TASK TO CARRY OUT: From the line below containing "Lupus Butterfly Rash" to the final line, print each line exactly as written. No pictures belong in the copy.

***** RECORDED INFORMATION

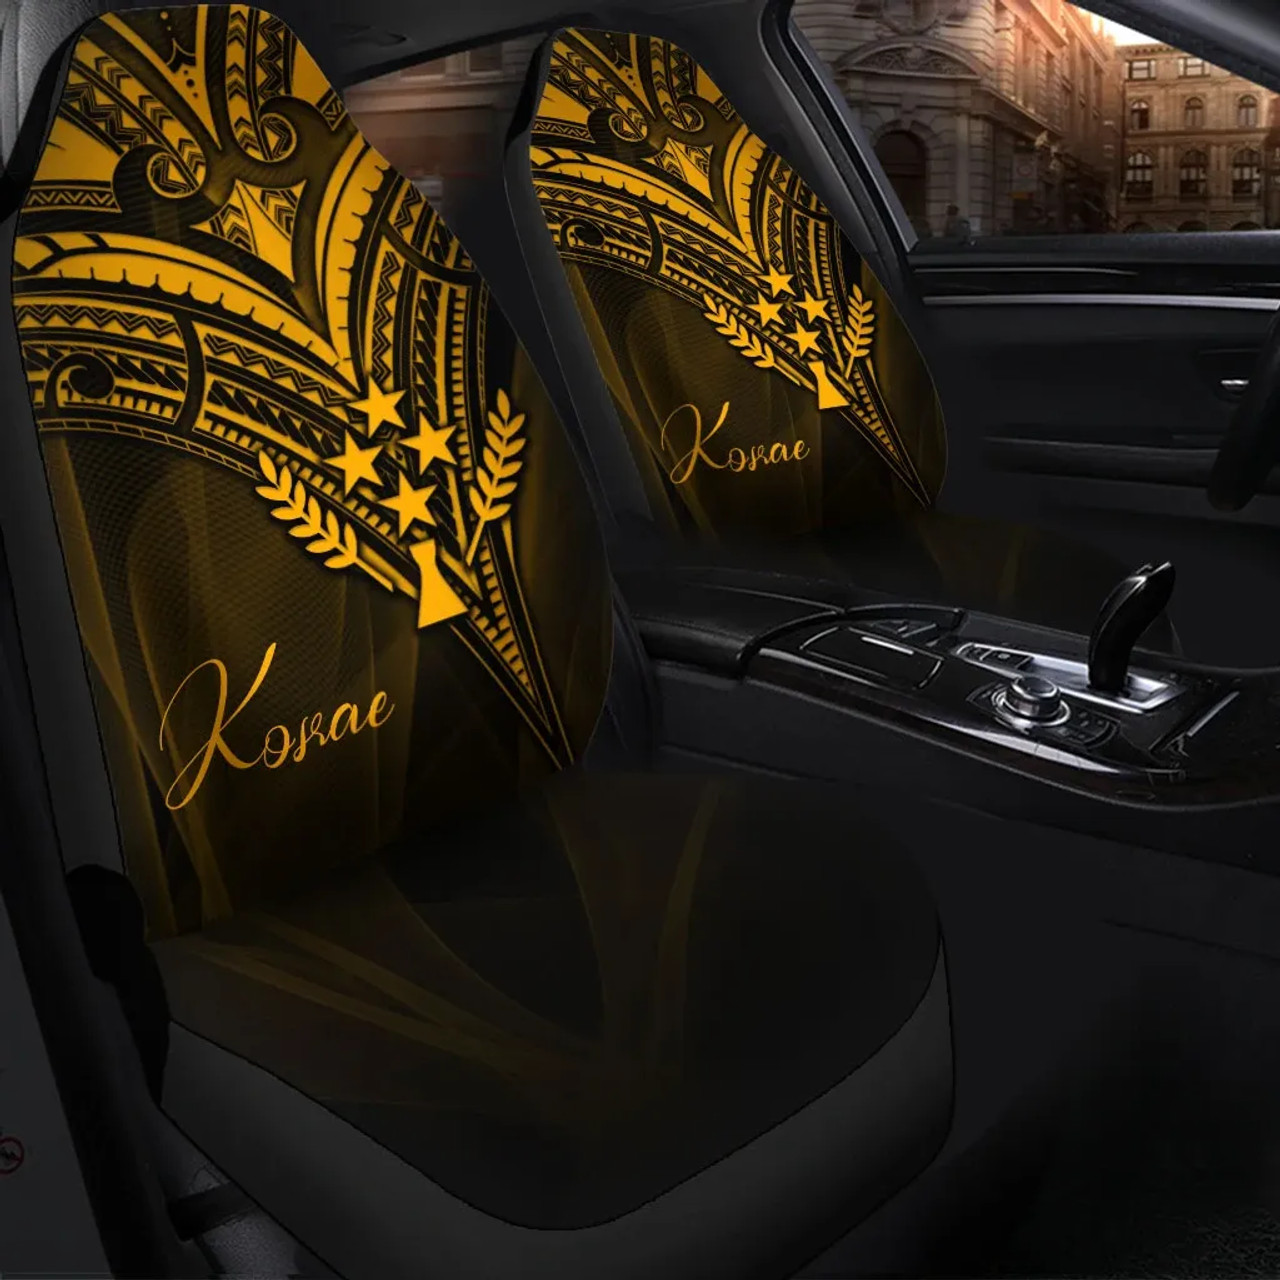 Kosrae State Car Seat Cover - Gold Color Cross Style
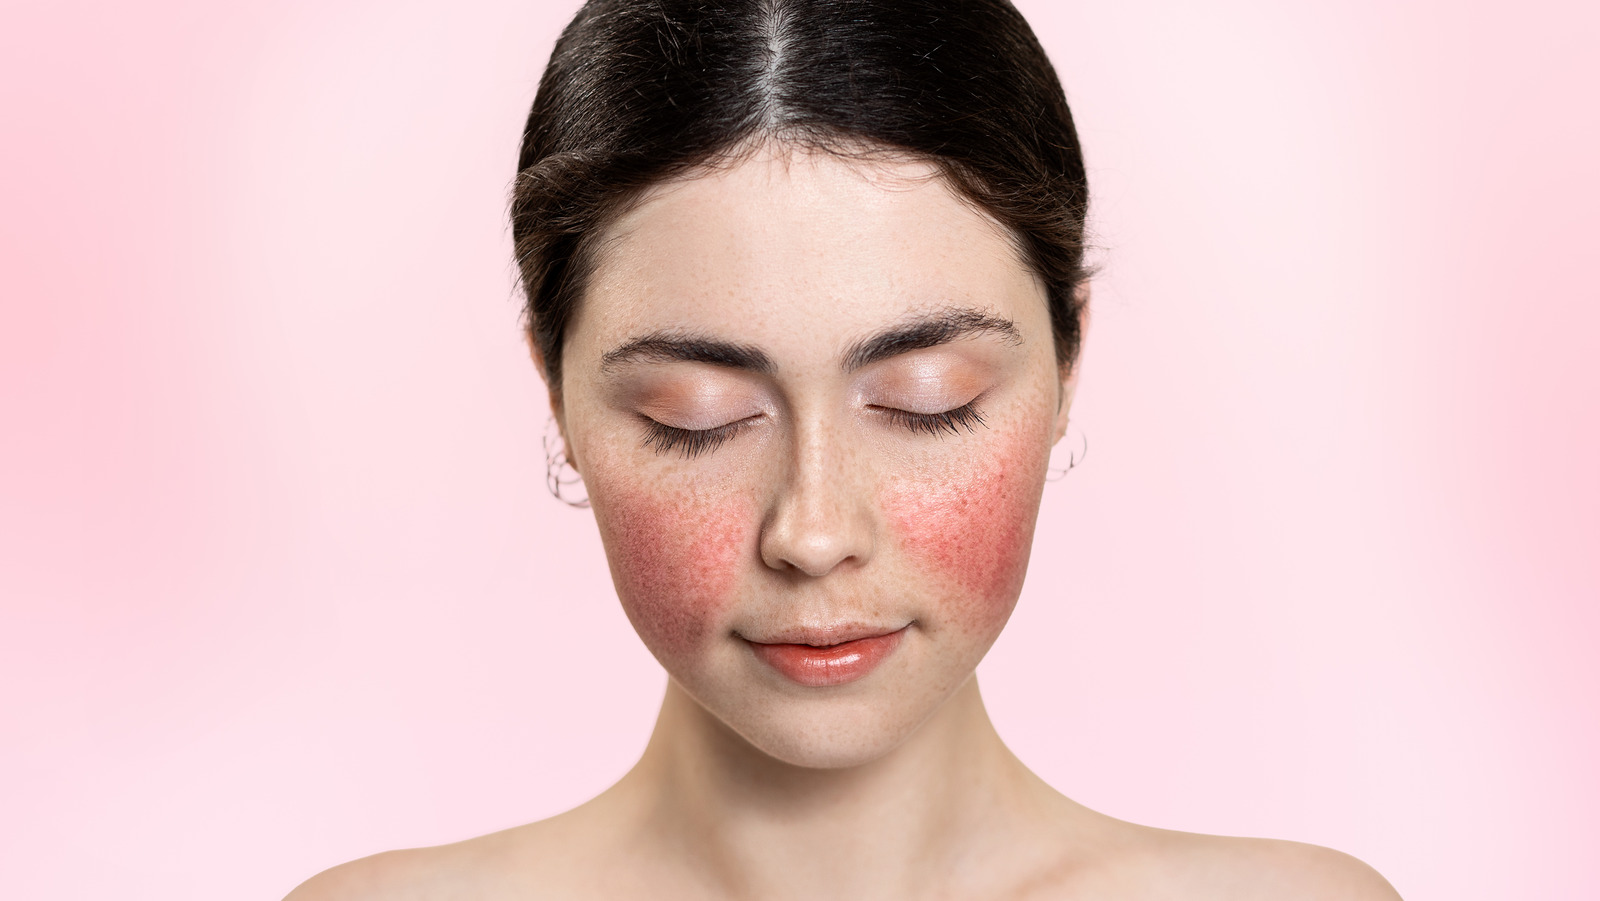 Lupus Butterfly Rash Why Do Patients With Lupus Develop Facial Rashes
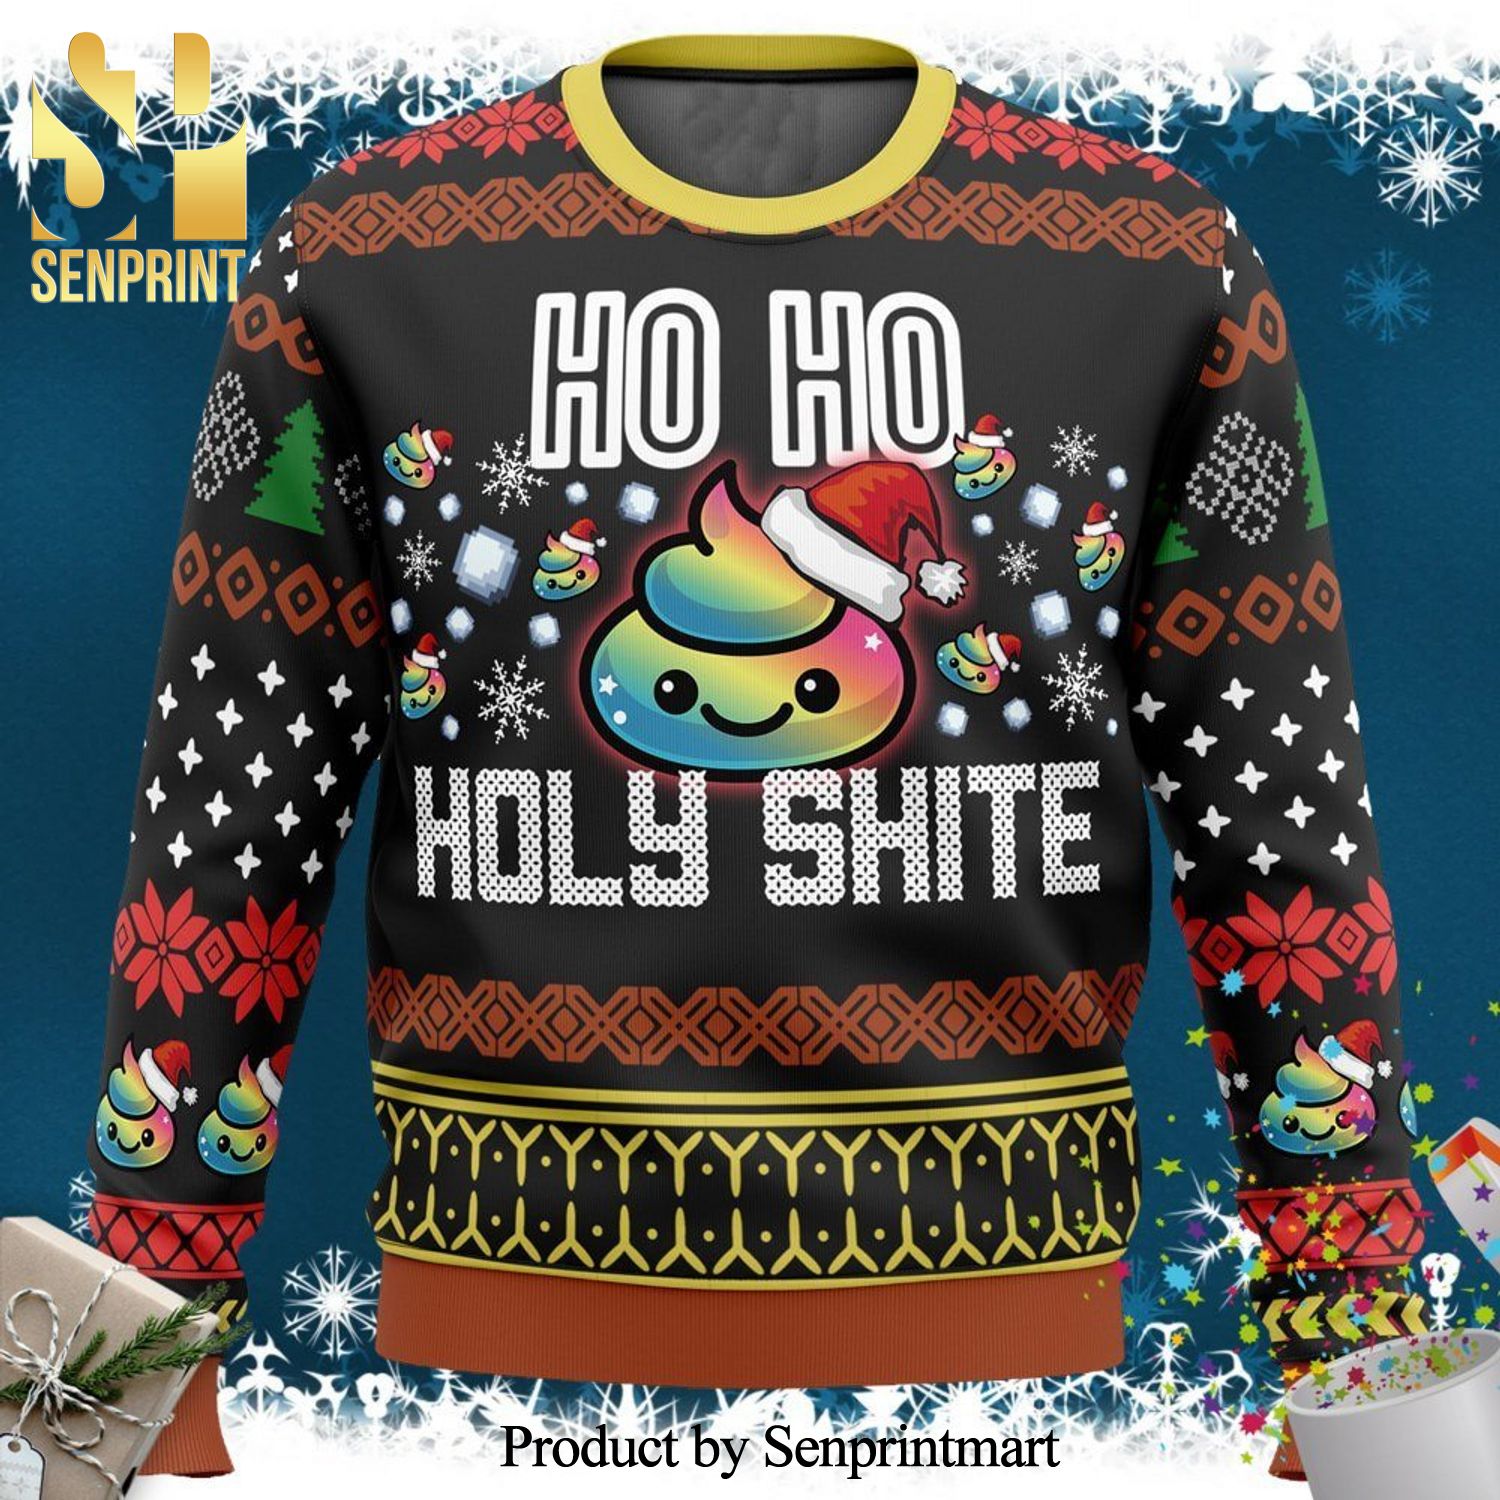 Poop Ho Ho Holy Shite Knitted Ugly Christmas Sweater

**********

WRITTEN SOLUTION:
 Lupus Butterfly Rash Why Do Patients With Lupus Develop Facial Rashes
 Poop Ho Ho Holy Shite Knitted Ugly Christmas Sweater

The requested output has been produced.